■ Work task: Would you give the listing again exactly, without its images?

■ Collected data:
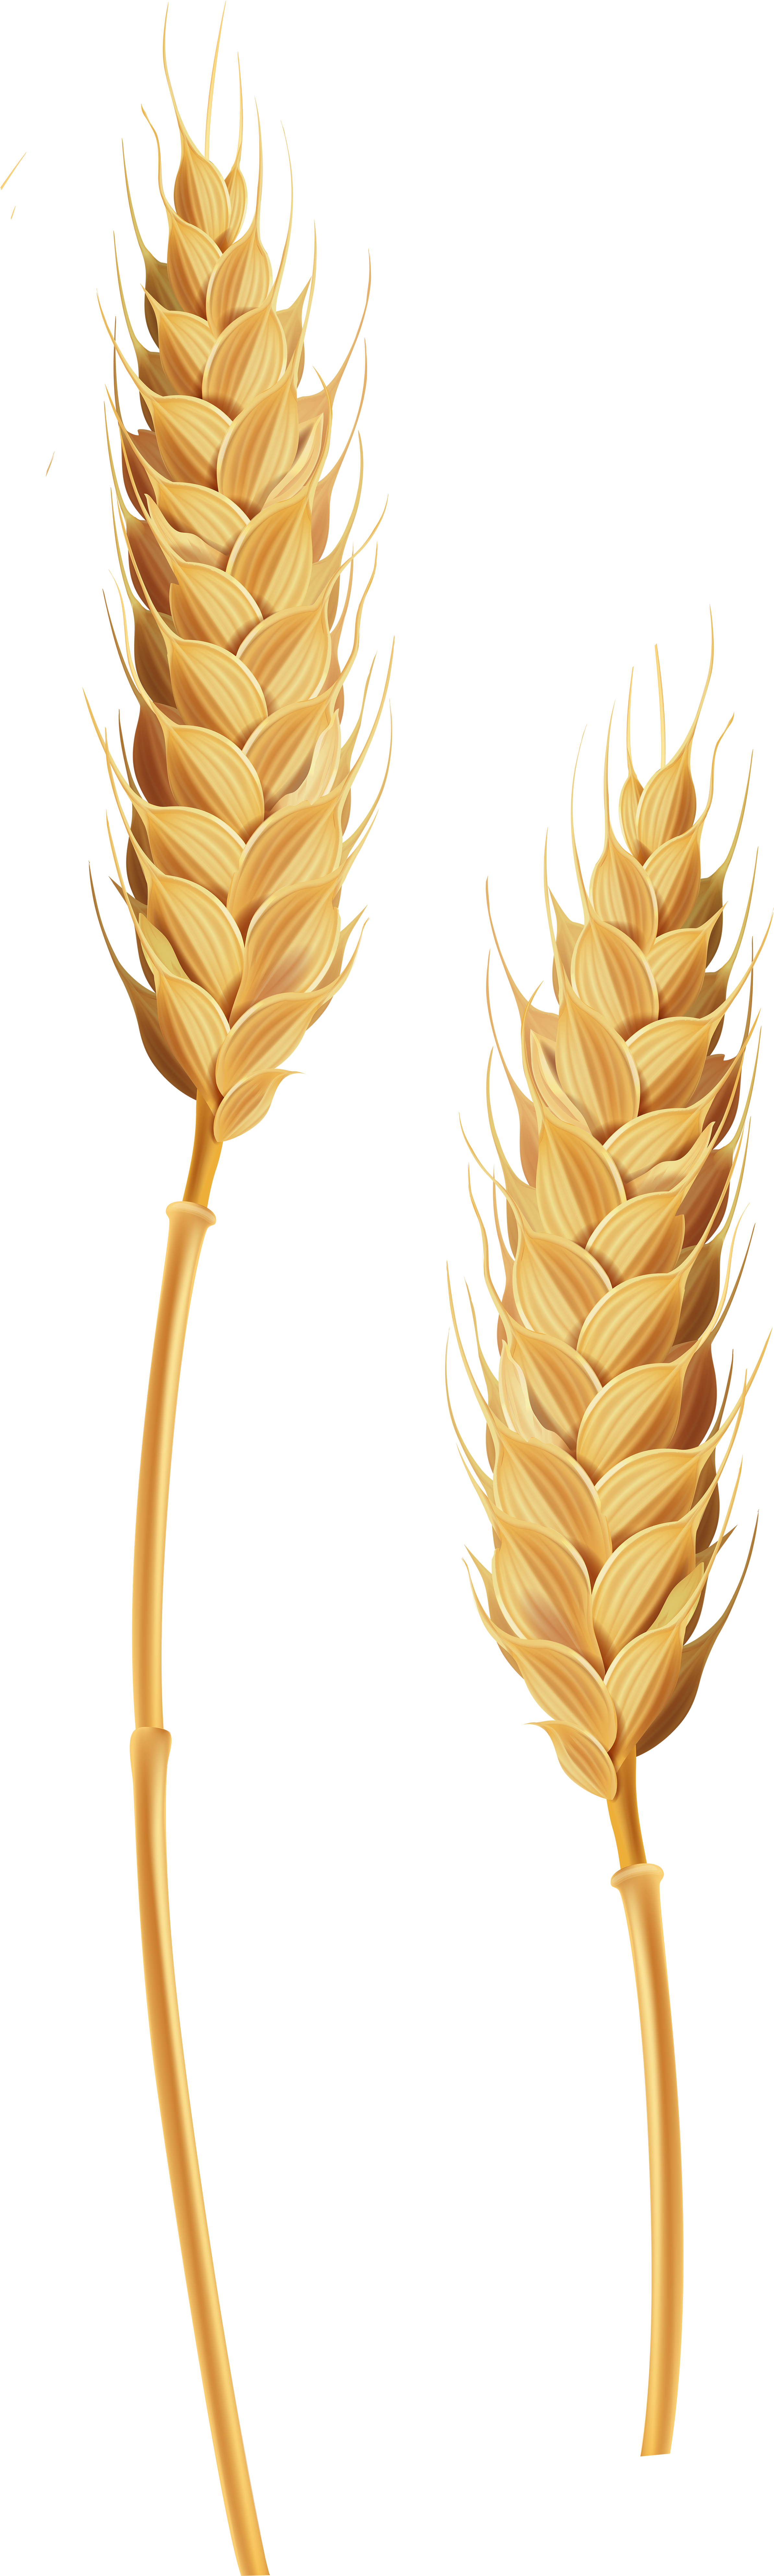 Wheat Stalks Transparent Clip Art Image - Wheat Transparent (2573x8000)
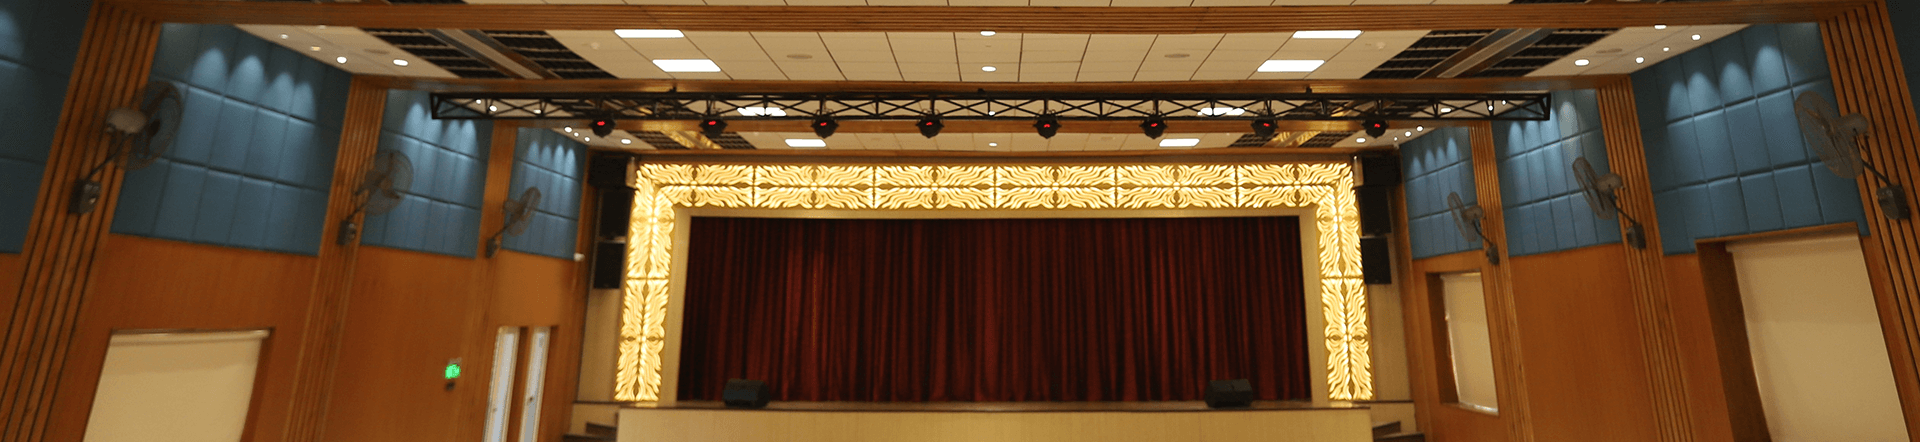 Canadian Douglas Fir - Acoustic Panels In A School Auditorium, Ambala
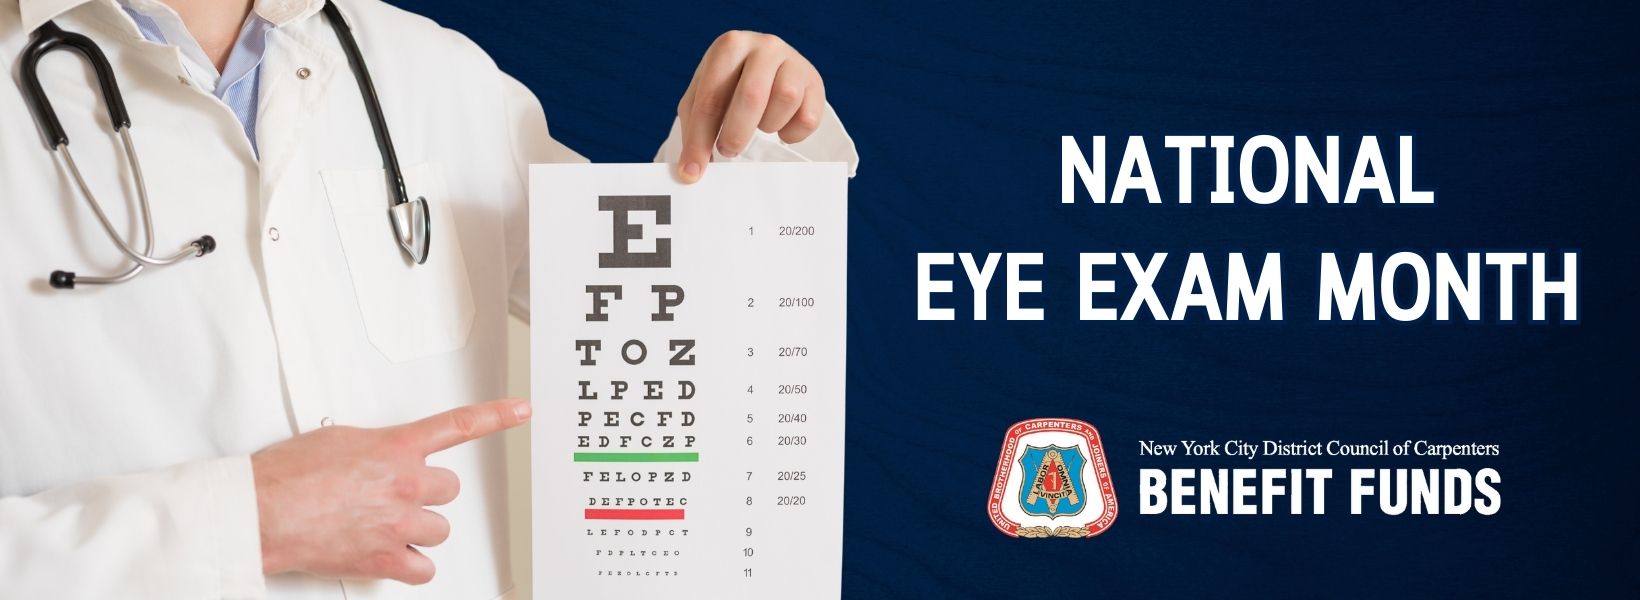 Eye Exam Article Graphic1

■ Solved problem:
 Wheat Stalks Transparent Clip Art Image - Wheat Transparent (2573x8000)
 Canadian Douglas Fir - Acoustic Panels In A School Auditorium, Ambala
 Eye Exam Article Graphic1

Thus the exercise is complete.